About 85 people showed up for a meeting convened by the Santa Barbara Progressive Coalition, reincarnated by the election of President-elect Donald Trump after an eight-year hiatus, to hammer out local actions they could take in response to political changes promised by the new administration. The group, meeting at La Casa de la Raza, broke into five sub-groups that focused on immigrant rights, health care, reproductive choice, the environment, and what, if any, counter-inaugural action would take place in Santa Barbara.
To date, the Women’s Political Committee has chartered 10 buses — enough to carry 585 people — to the Million Women’s March in Los Angeles on January 21. The Santa Barbara Independent chartered four more.
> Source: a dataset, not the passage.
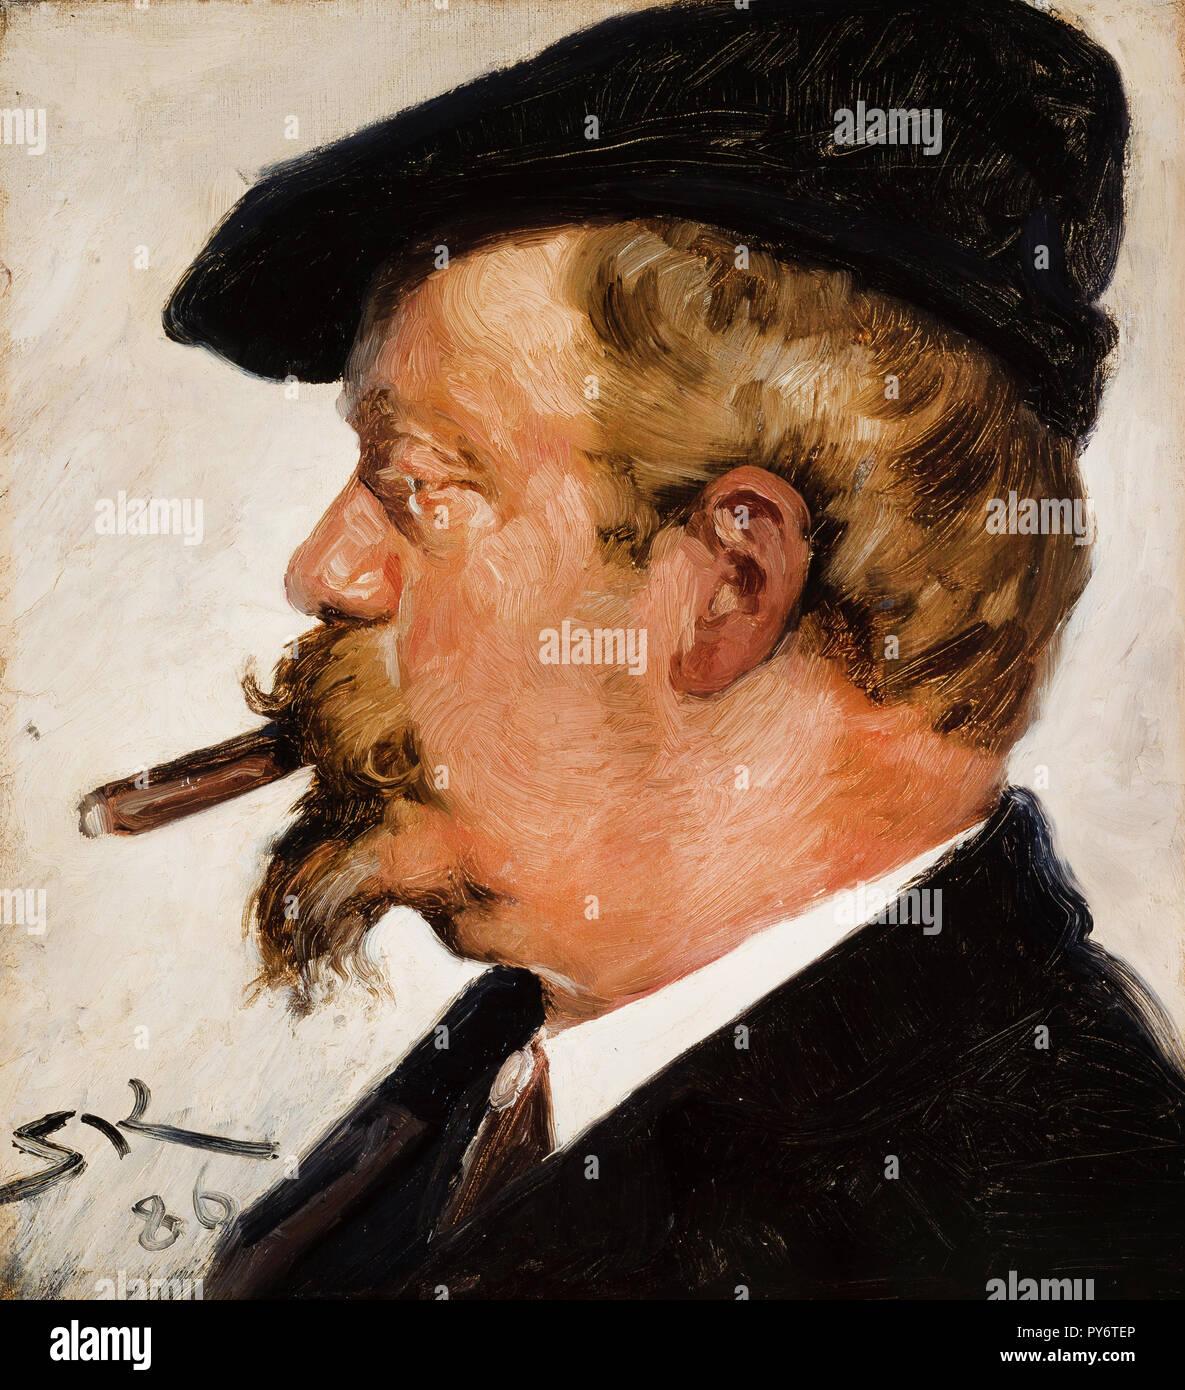 Peder Severin Kroyer, Portrait of Vilhelm Rosenstand 1886 Oil on canvas, Skagens Museum, Skagen, Denmark. - Stock Image

As of deadline, there’s been talk of a rally taking place at De la Guerra Plaza at 3:30 p.m. on January 20, with those assembled marching from City Hall to the County Administration Building a few blocks away.
Those focusing on immigrant rights announced they will ask the county supervisors to declare Santa Barbara a “sanctuary county” and the City College Board of Trustees to declare the campus there off-limits to Immigration and Customs Enforcement officers.
Those seeking to protect the Affordable Care Act from repeal — and similar cuts to Medicare and Medi-Cal — are planning to host a rally at De la Guerra Plaza this coming Sunday at 3:30 p.m., the same time Senator Bernie Sanders is scheduled to deliver a major speech on the issues.
Part of the challenge confronting organizers was what elected officials to target. Salud Carbajal, Hannah-Beth Jackson, and Monique Limón — congressmember, state senator, and assemblymember, respectively — have already indicated their support on most issues having to do with Trump. Many in attendance were mainstays of the left-liberal environmentalist Democrat establishment, and the event could be described as the choir singing to itself. But others — like one prominent land-use attorney who frequently represents development interests — were less expected. She was heard recounting how she grew up in the South during the 1960s.
Editor’s Note: The story has been updated to reflect more solid plans for the rally on Friday, which takes place at 3:30 p.m., not at noon.